Research output: Contribution to conferenceAbstract


The industry deals with excavation have shown a major interest in the use of full-faced tunneling machines (TBMs), because of their demonstrated capabilities in attaining high rates of advance in tunnel construction,. Mechanical tunneling may differ from other tunneling methods -drill and blast- due to the high level of machine and rock interaction.
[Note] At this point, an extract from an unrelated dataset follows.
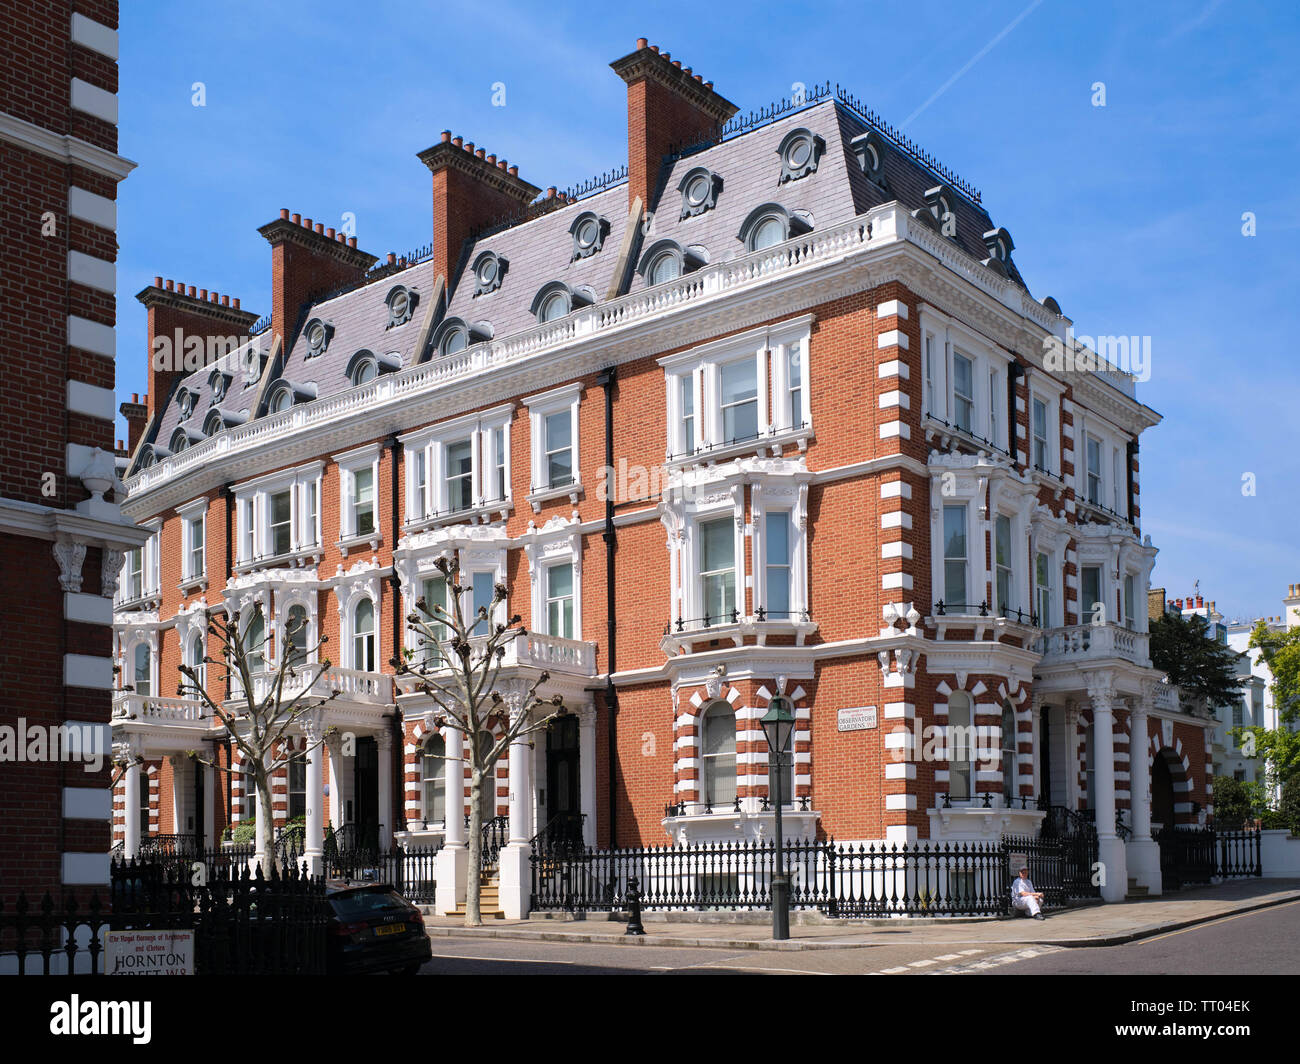 Examples of Georgian architecture in Kensington, London, England, UK. Stock Photo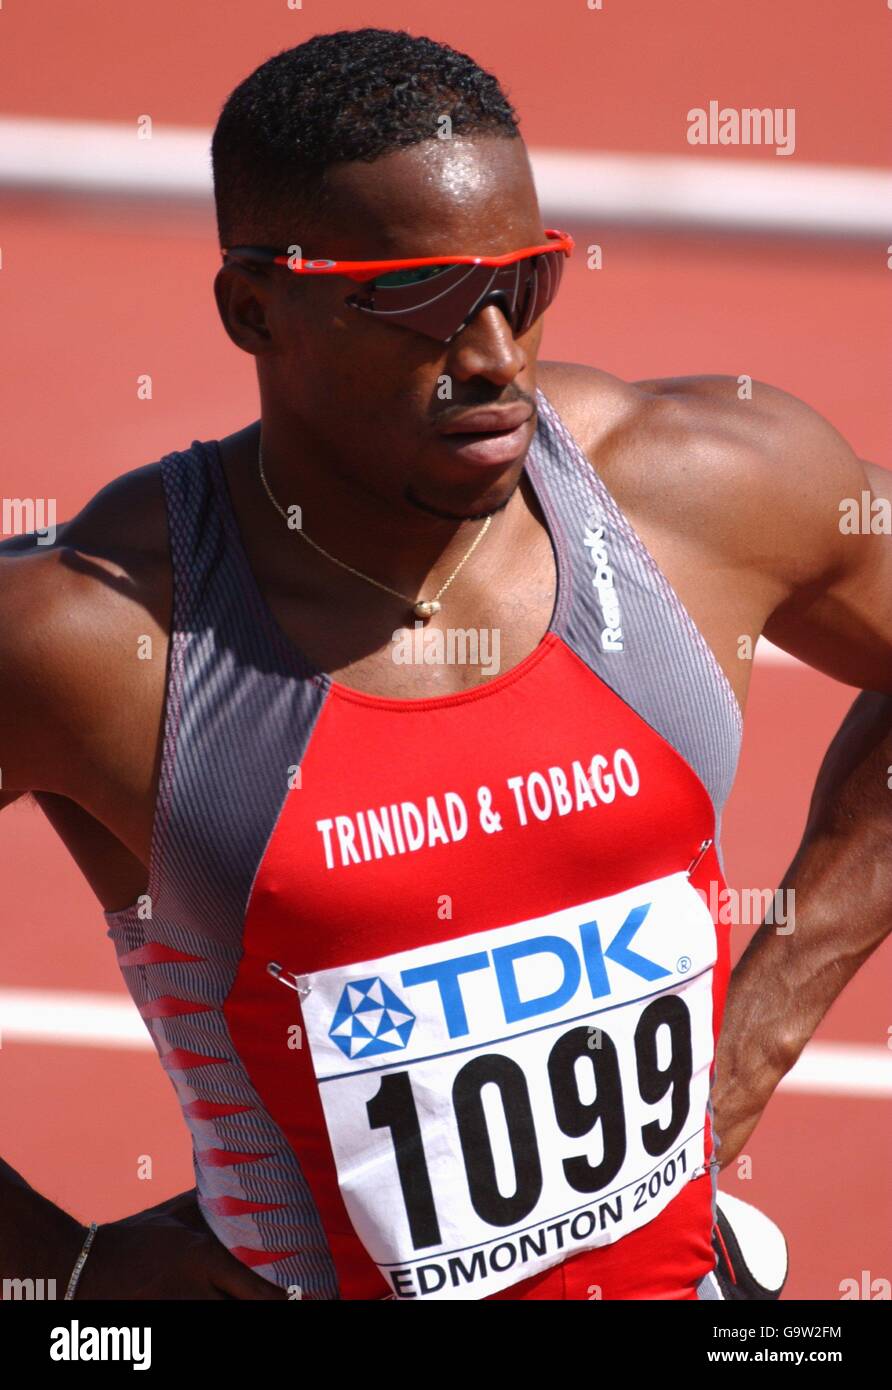 Athletics Iaaf World Championships Edmonton Trinidad And Tobagos

Accurate estimates of machine performance are a crucial part of any tunneling project. It is almost impossible for owners or contractors to make realistic evaluations of time and cost required for completing a project, without knowing the machine advancement. The aim of this paper is to overview on interaction of rock mass characteristics with full-faced tunneling machine performance in rocks. For this aim, literatures and some tunnel cases have been reviewed and the findings are shared together with some updated knowledge relevant with rock mass and machine interaction.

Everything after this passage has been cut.